Upon graduation in 1939, Wu worked as a junior designer at the Sino-American Central Aircraft Manufacturing Company in Leiyun (or Loiwing), Yunnan. In 1942, the aircraft factory was bombed by the Japanese and forced to move to Kunming, and Wu worked as an engineer at the Central Machinery Works. He was later dismissed from the factory for refusing to join the Kuomintang.

== Career in the United States ==
In 1943, Wu went to the United States to pursue graduate studies with financial support from his eldest sister, who was a doctor. He attended Carnegie Institute of Technology, where he earned his D.Sc. in physical metallurgy in 1948 and then worked as a post-doctoral researcher. From 1949 to 1950 he worked as an engineer for a naval research project in the Department of Material Science and Engineering of Syracuse University. He was elected a Fellow of the American Association for the Advancement of Science in 1950. Despite his career success, Wu was offended by the racism he experienced in the American society. He later recalled an incident when he was shopping at a high-end clothing store, the salesperson assumed he was a laundryman coming to pick up clothes for a customer.

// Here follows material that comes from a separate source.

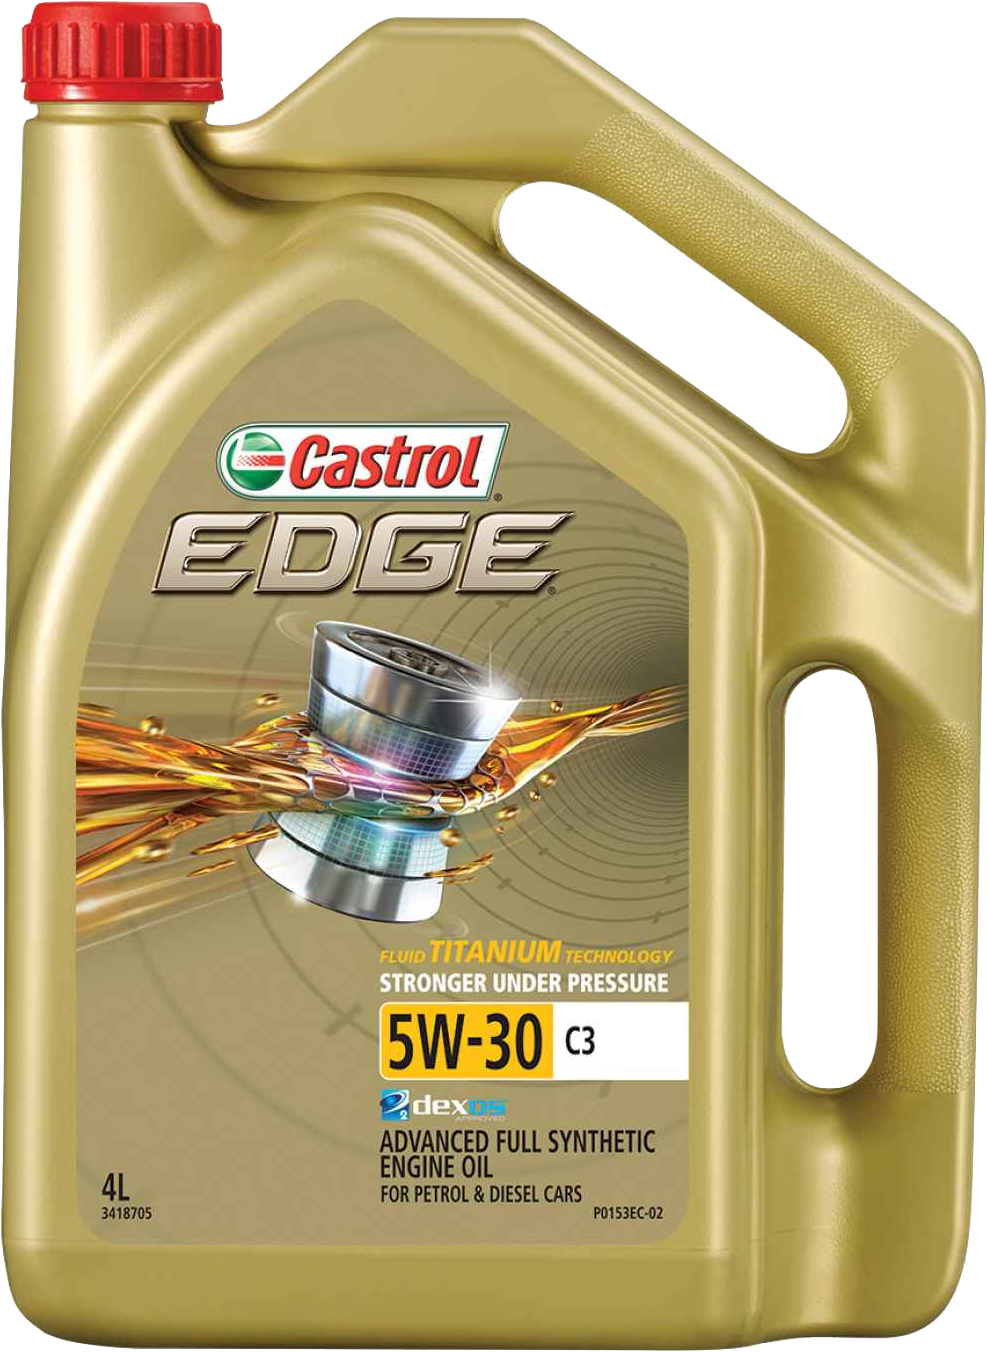 Castrol Edge 5w30 a3/b4. Castrol 5w30 504/507. Castrol Edge 5w-40 a3/b4. Castrol GTX 5w-30 dex2.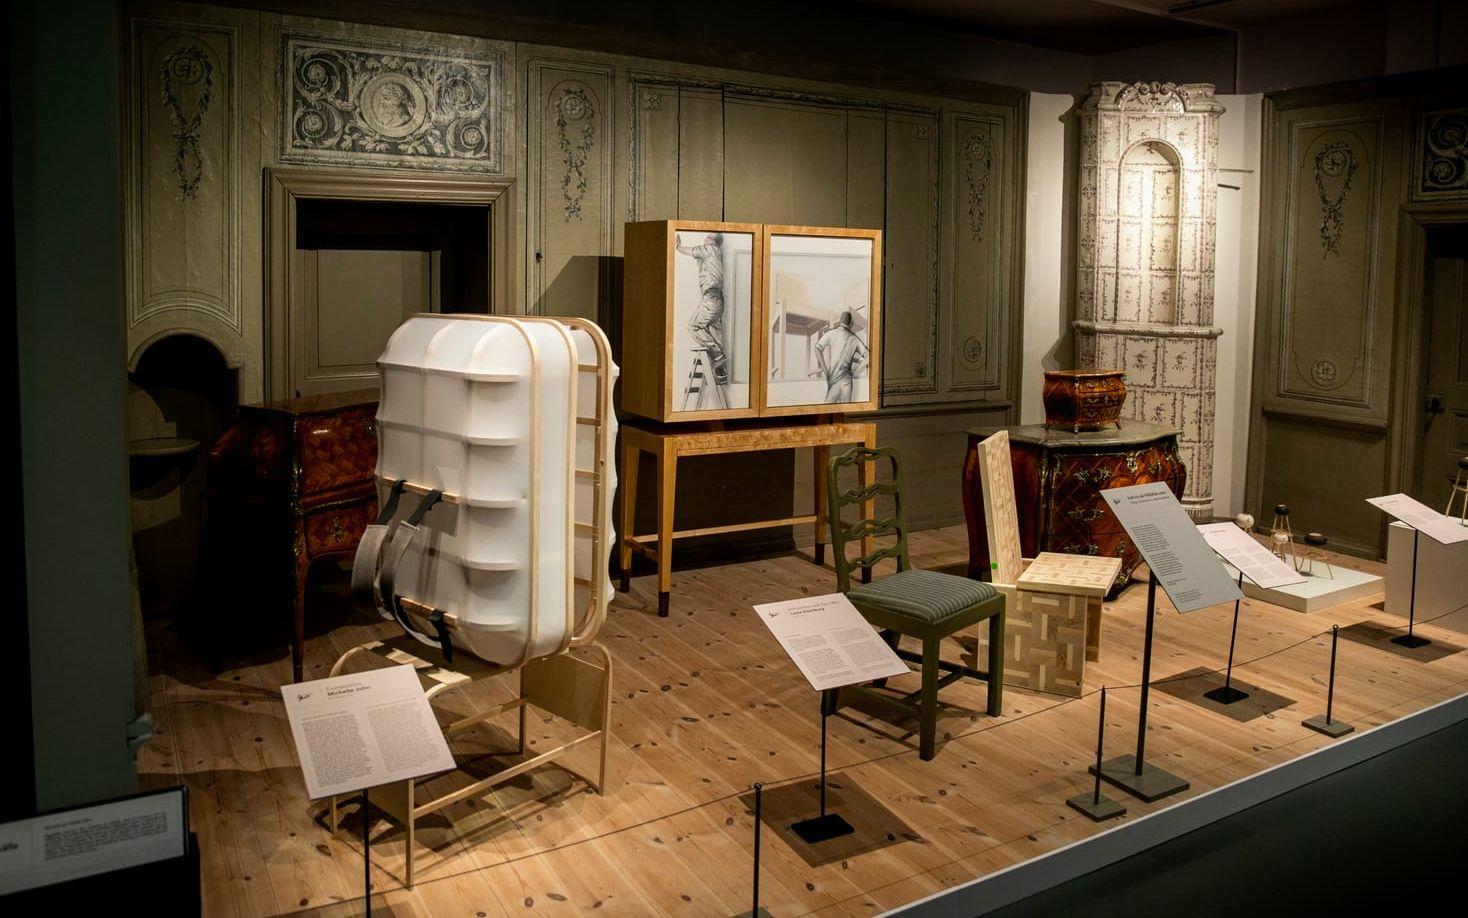 På våning två finns också plats för museets nya basutställning om 1700-talet. Här blandas gamla föremål från samlingarna med nya möbler som elever från Stenebys möbeldesignlinje gjort.

== Career in the People's Republic of China ==
After the founding of the People's Republic of China in 1949, Wu returned to China in early 1951 and became a professor in the Department of Metallurgical Engineering at Tangshan Jiaotong University (now Southwest Jiaotong University). Later that year, he transferred to the Shanghai Institute of Metallurgy (SIM) of the Chinese Academy of Sciences. At SIM he developed manganese molybdenum steel, which became widely produced in steel works in China, and he received the State Natural Science Award (Third Class) in 1956. He was later promoted to deputy director of SIM.

In 1961, Wu was put in charge of the development of membrane separation technology for separating uranium-235, used in nuclear fission chain reaction, from uranium-238, the predominant isotope of uranium that cannot sustain a chain reaction. It was an essential technology for making nuclear bombs, but highly challenging because of the similar physical and chemical properties of the two isotopes. Under Wu's leadership, a team of more than 60 scientists developed the technology at SIM in three years. On 16 October 1964, China exploded its first nuclear bomb.

In the 1970s, Wu researched semiconductors and large-scale integrated circuit, laying the foundation for the production of China's first integrated circuit at SIM. In the late 1980s and early 1990s, he made significant discoveries in the research of the superconductor yttrium barium copper oxide (YBCO).

==Honours and recognition==
For his achievement in nuclear research, Wu was awarded the National Invention Prize (First Class) in 1984 and a Special Prize of the State Science and Technology Progress Award in 1985. In 1999, he was among the 23 scientists awarded the Two Bombs, One Satellite Meritorious Medal. He also received the Ho Leung Ho Lee Prize for Technological Sciences. He was elected an academician of the Chinese Academy of Sciences in 1980.

== Personal life ==
In 1952, Wu married Xu Ren (徐仁), an English instructor at Aurora University and later Fudan University. They had two sons, Wu Kangqi (吴康琪) and Wu Danlin (吴丹琳).

Wu died on 24 May 2008 in Shanghai, at the age of 90.